EXERCISE OBJECTIVE.
Copy exactly the lines of the records below, and only those lines, beginning with the line that contains "Conjunto composto por" and ending with the line that contains "Apartamento com 3".

Records from a collection.
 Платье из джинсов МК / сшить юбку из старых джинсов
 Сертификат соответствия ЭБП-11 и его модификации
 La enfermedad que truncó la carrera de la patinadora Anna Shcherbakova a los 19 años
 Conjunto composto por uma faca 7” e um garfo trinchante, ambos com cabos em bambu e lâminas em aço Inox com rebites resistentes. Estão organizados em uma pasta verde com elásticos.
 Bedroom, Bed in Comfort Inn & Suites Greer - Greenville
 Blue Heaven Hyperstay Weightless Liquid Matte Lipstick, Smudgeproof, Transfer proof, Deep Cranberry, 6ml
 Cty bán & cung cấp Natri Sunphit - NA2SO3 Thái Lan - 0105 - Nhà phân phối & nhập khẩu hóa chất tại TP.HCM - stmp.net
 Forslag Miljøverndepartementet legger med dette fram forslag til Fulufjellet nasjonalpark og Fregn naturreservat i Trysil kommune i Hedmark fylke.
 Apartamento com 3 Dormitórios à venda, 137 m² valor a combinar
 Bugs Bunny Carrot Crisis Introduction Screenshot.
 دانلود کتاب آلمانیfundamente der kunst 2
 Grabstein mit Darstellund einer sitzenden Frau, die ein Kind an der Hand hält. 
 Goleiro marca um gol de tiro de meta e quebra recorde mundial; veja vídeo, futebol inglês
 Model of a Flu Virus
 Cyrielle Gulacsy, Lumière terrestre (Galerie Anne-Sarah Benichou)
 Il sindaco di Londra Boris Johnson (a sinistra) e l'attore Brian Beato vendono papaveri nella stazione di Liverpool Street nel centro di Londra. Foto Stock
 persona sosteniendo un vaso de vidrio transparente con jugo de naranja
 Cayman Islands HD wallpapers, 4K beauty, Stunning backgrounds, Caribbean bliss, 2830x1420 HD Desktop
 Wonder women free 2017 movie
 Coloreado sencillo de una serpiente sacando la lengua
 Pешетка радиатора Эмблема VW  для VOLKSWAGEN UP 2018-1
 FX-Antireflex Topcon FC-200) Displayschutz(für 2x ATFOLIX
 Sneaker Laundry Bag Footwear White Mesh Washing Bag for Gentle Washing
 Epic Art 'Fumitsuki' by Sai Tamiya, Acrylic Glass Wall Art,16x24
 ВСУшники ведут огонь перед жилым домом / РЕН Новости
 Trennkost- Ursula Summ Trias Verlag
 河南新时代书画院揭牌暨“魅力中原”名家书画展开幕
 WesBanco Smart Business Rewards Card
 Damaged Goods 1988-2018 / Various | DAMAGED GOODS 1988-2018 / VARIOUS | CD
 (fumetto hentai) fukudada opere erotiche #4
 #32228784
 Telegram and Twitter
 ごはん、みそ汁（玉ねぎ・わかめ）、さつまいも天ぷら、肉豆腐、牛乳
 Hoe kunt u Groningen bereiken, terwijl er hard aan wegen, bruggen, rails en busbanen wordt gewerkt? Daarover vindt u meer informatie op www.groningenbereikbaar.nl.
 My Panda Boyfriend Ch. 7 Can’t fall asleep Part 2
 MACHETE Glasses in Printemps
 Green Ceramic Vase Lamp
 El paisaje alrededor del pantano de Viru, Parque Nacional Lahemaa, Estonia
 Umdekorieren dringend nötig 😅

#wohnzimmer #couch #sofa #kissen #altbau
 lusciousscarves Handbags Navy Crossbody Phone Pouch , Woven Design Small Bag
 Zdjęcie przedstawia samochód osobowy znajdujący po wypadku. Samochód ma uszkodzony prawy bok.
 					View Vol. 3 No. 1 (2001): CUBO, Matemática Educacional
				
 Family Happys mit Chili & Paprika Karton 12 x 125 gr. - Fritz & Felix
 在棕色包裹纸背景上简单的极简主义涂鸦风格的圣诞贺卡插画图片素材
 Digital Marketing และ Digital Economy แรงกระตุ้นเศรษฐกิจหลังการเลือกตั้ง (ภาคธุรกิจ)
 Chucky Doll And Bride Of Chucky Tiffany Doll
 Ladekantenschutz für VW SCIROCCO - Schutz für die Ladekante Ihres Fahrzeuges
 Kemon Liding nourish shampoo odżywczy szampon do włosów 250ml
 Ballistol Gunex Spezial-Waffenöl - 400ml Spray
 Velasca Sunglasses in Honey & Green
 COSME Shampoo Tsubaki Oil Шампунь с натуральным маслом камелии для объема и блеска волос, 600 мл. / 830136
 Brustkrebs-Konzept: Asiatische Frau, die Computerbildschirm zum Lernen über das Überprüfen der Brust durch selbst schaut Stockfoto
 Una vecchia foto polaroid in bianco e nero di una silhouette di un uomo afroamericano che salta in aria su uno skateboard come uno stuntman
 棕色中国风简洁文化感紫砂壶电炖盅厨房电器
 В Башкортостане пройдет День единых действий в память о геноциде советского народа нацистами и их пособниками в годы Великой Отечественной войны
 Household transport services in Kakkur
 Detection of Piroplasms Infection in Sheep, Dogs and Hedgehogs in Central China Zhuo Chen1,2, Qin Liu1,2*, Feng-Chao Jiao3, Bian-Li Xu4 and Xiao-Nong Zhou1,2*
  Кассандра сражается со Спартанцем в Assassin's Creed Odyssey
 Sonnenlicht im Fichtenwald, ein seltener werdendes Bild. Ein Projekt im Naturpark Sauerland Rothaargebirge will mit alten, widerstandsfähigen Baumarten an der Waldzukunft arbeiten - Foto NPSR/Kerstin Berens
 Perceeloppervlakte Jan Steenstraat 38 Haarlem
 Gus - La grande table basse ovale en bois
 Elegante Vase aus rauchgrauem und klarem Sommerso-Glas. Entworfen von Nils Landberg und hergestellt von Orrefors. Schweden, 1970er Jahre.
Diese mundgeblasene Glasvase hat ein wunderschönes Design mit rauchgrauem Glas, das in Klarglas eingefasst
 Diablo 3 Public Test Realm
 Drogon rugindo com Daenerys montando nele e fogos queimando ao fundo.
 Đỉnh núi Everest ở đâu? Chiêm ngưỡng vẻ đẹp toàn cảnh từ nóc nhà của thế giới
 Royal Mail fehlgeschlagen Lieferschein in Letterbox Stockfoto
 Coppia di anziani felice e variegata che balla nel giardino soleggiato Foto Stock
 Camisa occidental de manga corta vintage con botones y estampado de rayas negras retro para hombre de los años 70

RESULT OF THIS EXERCISE.
 Conjunto composto por uma faca 7” e um garfo trinchante, ambos com cabos em bambu e lâminas em aço Inox com rebites resistentes. Estão organizados em uma pasta verde com elásticos.
 Bedroom, Bed in Comfort Inn & Suites Greer - Greenville
 Blue Heaven Hyperstay Weightless Liquid Matte Lipstick, Smudgeproof, Transfer proof, Deep Cranberry, 6ml
 Cty bán & cung cấp Natri Sunphit - NA2SO3 Thái Lan - 0105 - Nhà phân phối & nhập khẩu hóa chất tại TP.HCM - stmp.net
 Forslag Miljøverndepartementet legger med dette fram forslag til Fulufjellet nasjonalpark og Fregn naturreservat i Trysil kommune i Hedmark fylke.
 Apartamento com 3 Dormitórios à venda, 137 m² valor a combinar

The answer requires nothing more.